Research Paper Volume 12, Issue 12 pp 11500—11516
Long noncoding RNA LINC00963 induces NOP2 expression by sponging tumor suppressor miR-542-3p to promote metastasis in prostate cancer
- 1 Department of Urology, Shanghai General Hospital, Shanghai Jiao Tong University School of Medicine, Shanghai 200080, China
Received: December 16, 2019 Accepted: March 30, 2020 Published: June 17, 2020https://doi.org/10.18632/aging.103236
How to Cite
Copyright © 2020 Sun et al. This is an open-access article distributed under the terms of the Creative Commons Attribution License (CC BY 3.0), which permits unrestricted use, distribution, and reproduction in any medium, provided the original author and source are credited.

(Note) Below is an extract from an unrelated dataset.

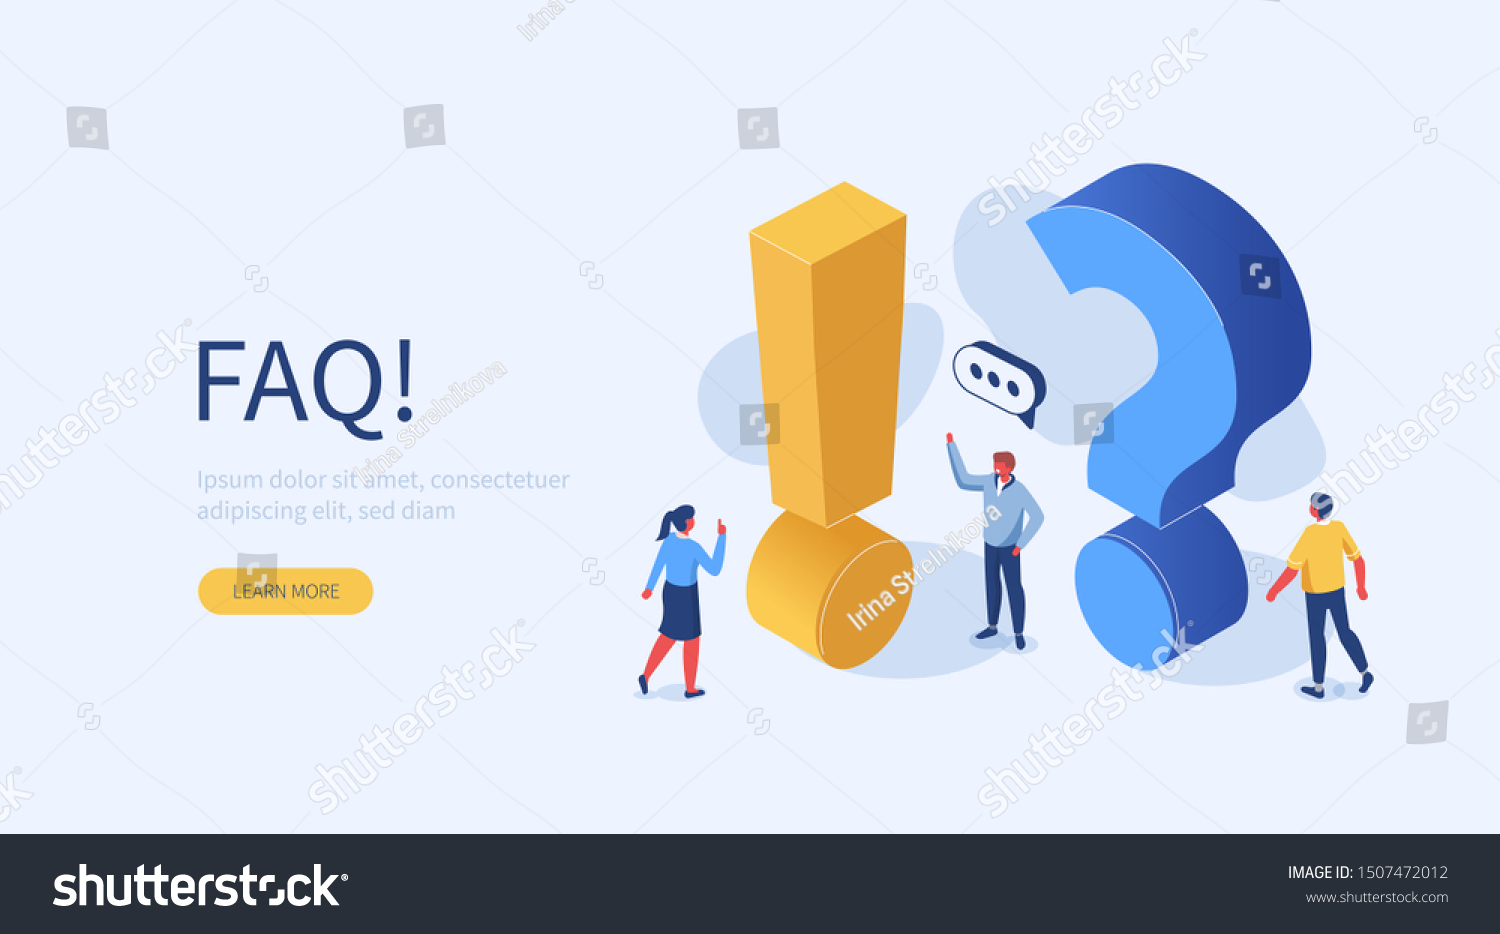 People Characters Standing near Exclamations and Question Marks. Woman and Man Ask Questions and receive Answers. Online Support center. Frequently Asked Questions Concept. Flat Vector Illustration. #1507472012

Metastatic disease caused by castration-resistant prostate cancer (CRPC) is the principal cause of prostate cancer (PCa)-related mortality. CRPC occurs within 2–3 years of initiation of androgen deprivation therapy (ADT), which is an important factor of influencing PCa metastasis. Recent studies have revealed that non-coding RNAs in PCa can enhance metastasis and progression, while the mechanisms are still unclear. In this study, we reported that the long noncoding RNA-LINC00963 was increased in CRPC tissues and promoted migration of PCa cells in vitro and their metastasis in vivo. High levels of LINC00963 significantly decreased tumor suppressor miR-542-3p, whose levels in metastasis tissues were low compared to those in non-metastasis tissues. LINC00963 promotes and miR-542-3p inhibits metastasis. Furthermore, the expression levels of LINC00963 and miR-542-3p were positively and negatively associated with the expression of NOP2. We demonstrated that NOP2 promoted PCa by activating the epithelial-mesenchymal transition (EMT) pathway. For specific mechanism, dual luciferase reporter assays showed that miR-542-3p directly binds to both 3'-untranslated region (UTR) of LINC00963 and NOP2 mRNA. Taken together, our results show that LINC00963 acts as an inducer of PCa metastasis by binding miR-542-3p, thereby promoting NOP2. This axis may have diagnostic and therapeutic potential for advanced PCa.